In the sequential algorithm, this can be accomplished with the backtracking process that is inherent to any tree traversal algorithm. However, in the proposed AQSP algorithm, this process needs to be done after all the threads have completed their work. For this reason, the cost and the mode for each node must be stored during processing. Otherwise, all the modes (except QT splitting) would be needed to be re-evaluated at the leaves of the QT.

After the parallel stage of the algorithm, the update of the costs and encoding modes is done using a bottom-up approach as shown in Algorithm 2. In this algorithm, $mode_{i,j}$ represents an array of integers, where each value represents the index of the encoding mode to be used for the node at depth level i and position j, and $cost_{i,j}$ is an array of floats, indicating the cost of using the aforementioned encoding mode in that same node. These values must be initialized during node processing.

Once the optimal modes are known, the proposed AQSP algorithm splits the current CU into four sub-CUs when the node is not a leaf of the final QT. Then, it skips the evaluation of all modes in the leaves except for the optimal, avoiding the repetition of any evaluation.
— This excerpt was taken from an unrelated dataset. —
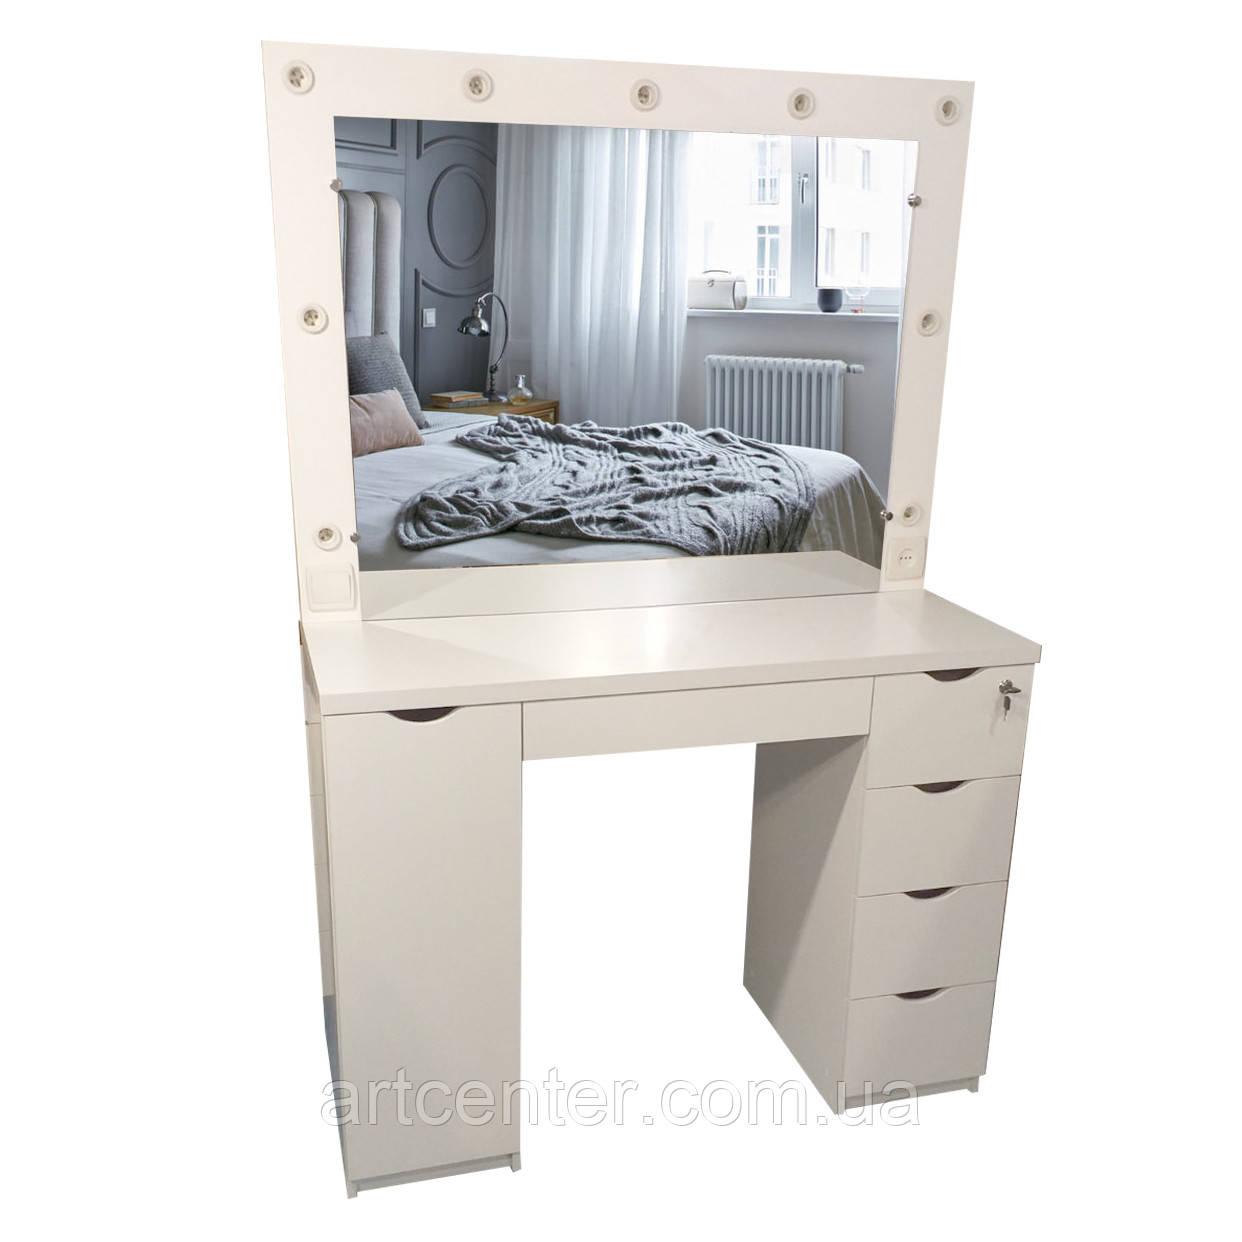 Стіл для визажста з ящиками і полицями

5 AQSP algorithm evaluation

Regarding the experimental setup, the hardware platform used in the tests was composed of an Intel Xeon Silver 4314 CPU with 16 physical cores and simultaneous multi-threading technology (up to 32 logical cores), each of which running at 2.40 GHz and 16 GB of main memory. The encoders were compiled with GCC 11.3.0 and executed on Ubuntu 22.04.2 LTS. Sequences were encoded according to the CTC document issued by the JVET to compare proposals in the field of VVC [13]. These CTC ensure standardized comparisons across experiments. Specifically, the random access (RA) configuration has been used, with QP values of {22, 27, 32, 37}. From the video sequences suggested for this configuration, classes A1, B, C and D have been selected for the experiments. The names and resolutions of the sequences are as follows:

Class A1 (3840 $\times $ 2160 pixels): Tango2 and Campfire.
Class B (1920 $\times $ 1080 pixels): Kimono, ParkScene, Cactus, BasketballDrive and BQTerrace.
Class C (832 $\times $ 480 pixels): RaceHorsesC, BQMall, PartyScene and BasketballDrill.
Class D (416 $\times $ 240 pixels): RaceHorses, BQSquare, BlowingBubbles and BasketballPass.
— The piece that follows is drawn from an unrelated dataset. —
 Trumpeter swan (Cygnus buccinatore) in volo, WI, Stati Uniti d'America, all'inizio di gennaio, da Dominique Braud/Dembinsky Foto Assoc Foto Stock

Following the CTC, the results are presented in terms of BDR, which measures the increment in bit rate for a fixed objective quality, and the acceleration achieved by the VVC encoder that includes the proposed algorithm with respect to the original VVC encoder. The peak signal-to-noise ratio (PSNR) used to calculate the BDR corresponds to the luminance component. All these metrics have been extracted using version 20.0 of the reference software, i.e., VTM 20.0 [11].

Table 1 shows the BDR, the global acceleration achieved by the parallel algorithm presented in the previous section and the local acceleration of the part of the encoder that is being parallelized. It can be seen that the algorithm presents a low BDR of 5.11%, while achieving a global acceleration factor of 2.04$\times $ with respect to the original version of the VTM encoder and a local parallelization acceleration of 2.86$\times $ (being $4\times $ the theoretical maximum local acceleration that can be achieved with 4 threads). Additionally, the results remain consistent across all sequences, regardless of their class, indicating that the algorithm scales effectively to various video resolutions (since it focuses on acceleration at QT level rather than the frame level).
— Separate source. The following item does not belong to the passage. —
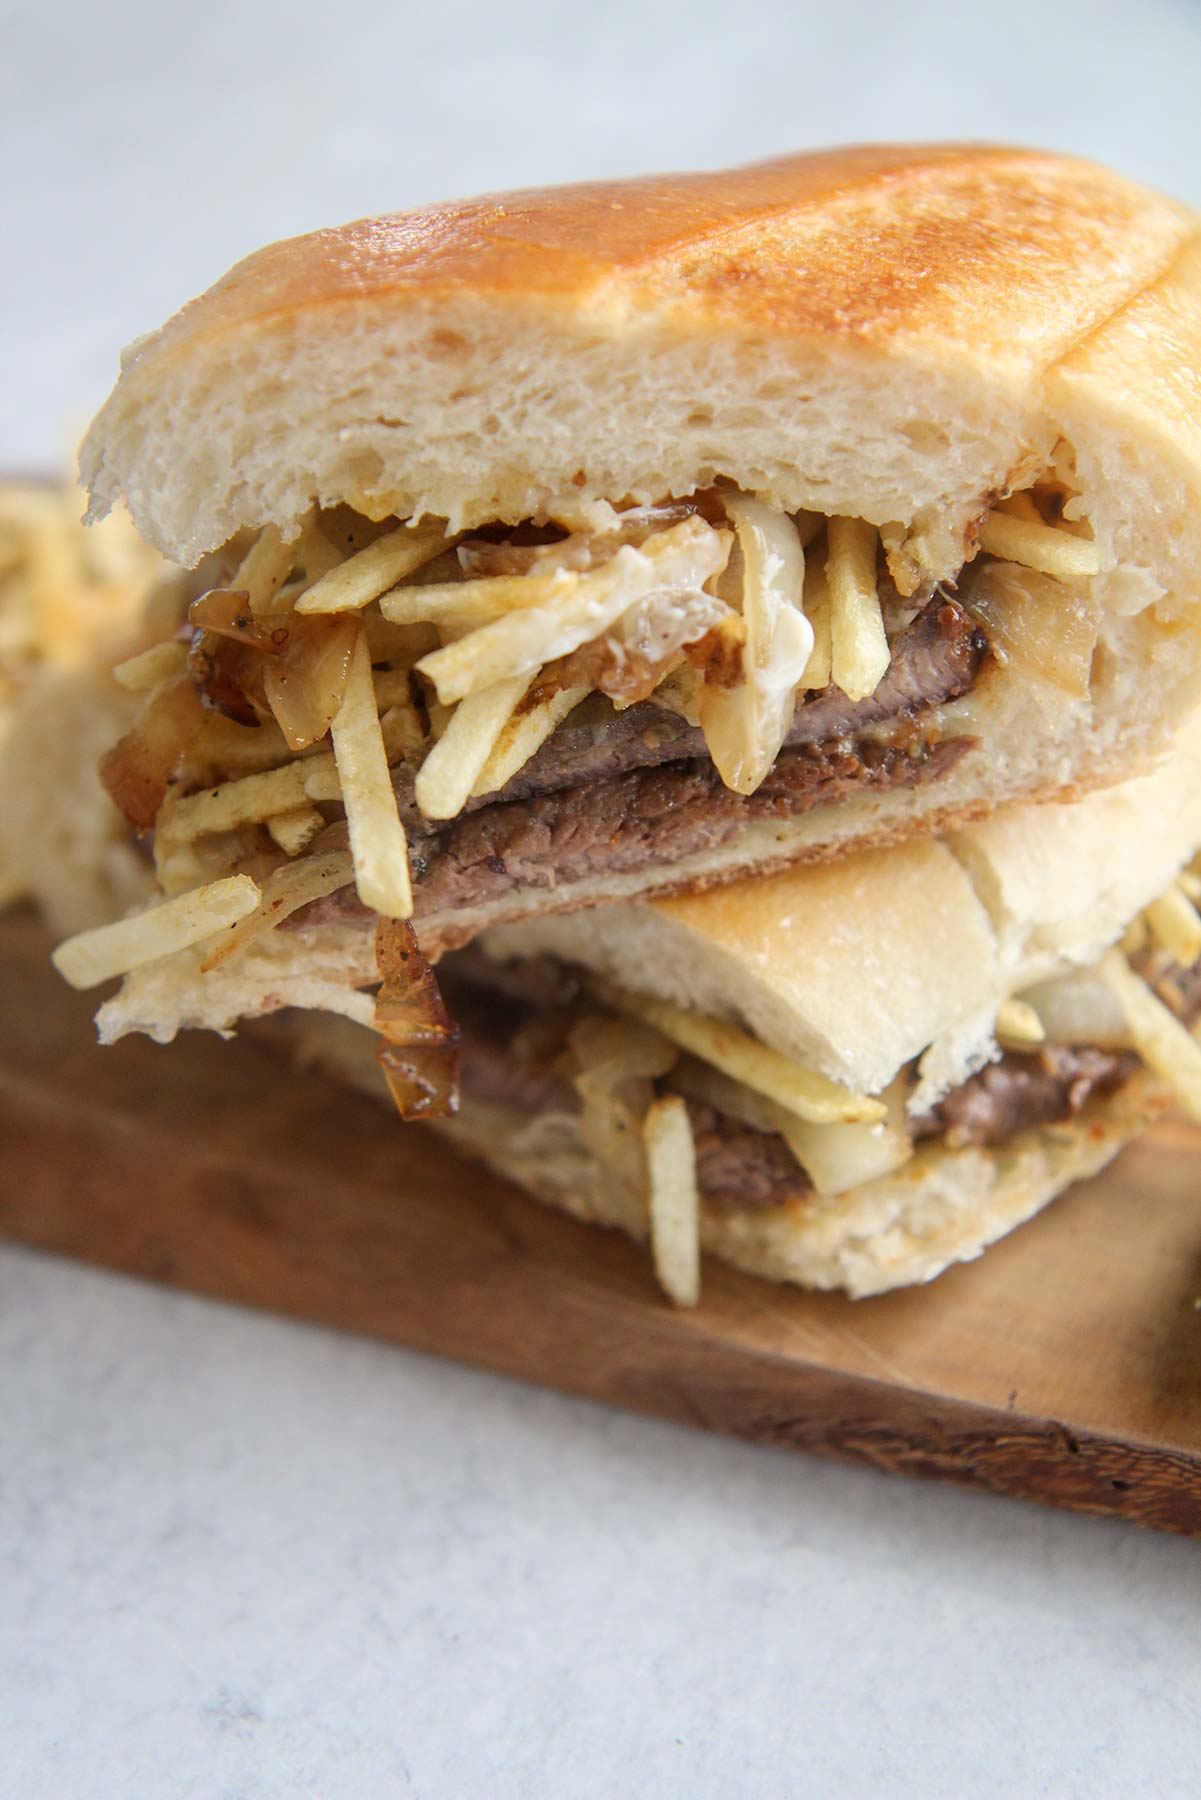 pan con bistec (steak sandwich) on a wooden board.

Furthermore, Table 2 shows the impact of increasing the number of threads in the results obtained by the proposed AQSP algorithm for a representative subset of sequences. When using 8 threads instead of 4, the global acceleration reaches 1.85$\times $, with a BD rate of 4.79%. It is worth noting that the BD rate increases by 63%, while the acceleration increment of 19%, suggesting that increasing the number of threads may not always yield significant benefits.

Table 1 Results of the proposed AQSP algorithm for the QT search

Full size table

Table 2 Impact of the number of threads used in the proposed AQSP algorithm

Full size table

6 Comparison with state-of-the-art proposals

In this section, a comparative analysis of results with other parallel coding techniques published for VVC is presented. The primary focus of the evaluation is the achieved acceleration compared to the compression penalty introduced when compared to sequential coding as shown in Table 3.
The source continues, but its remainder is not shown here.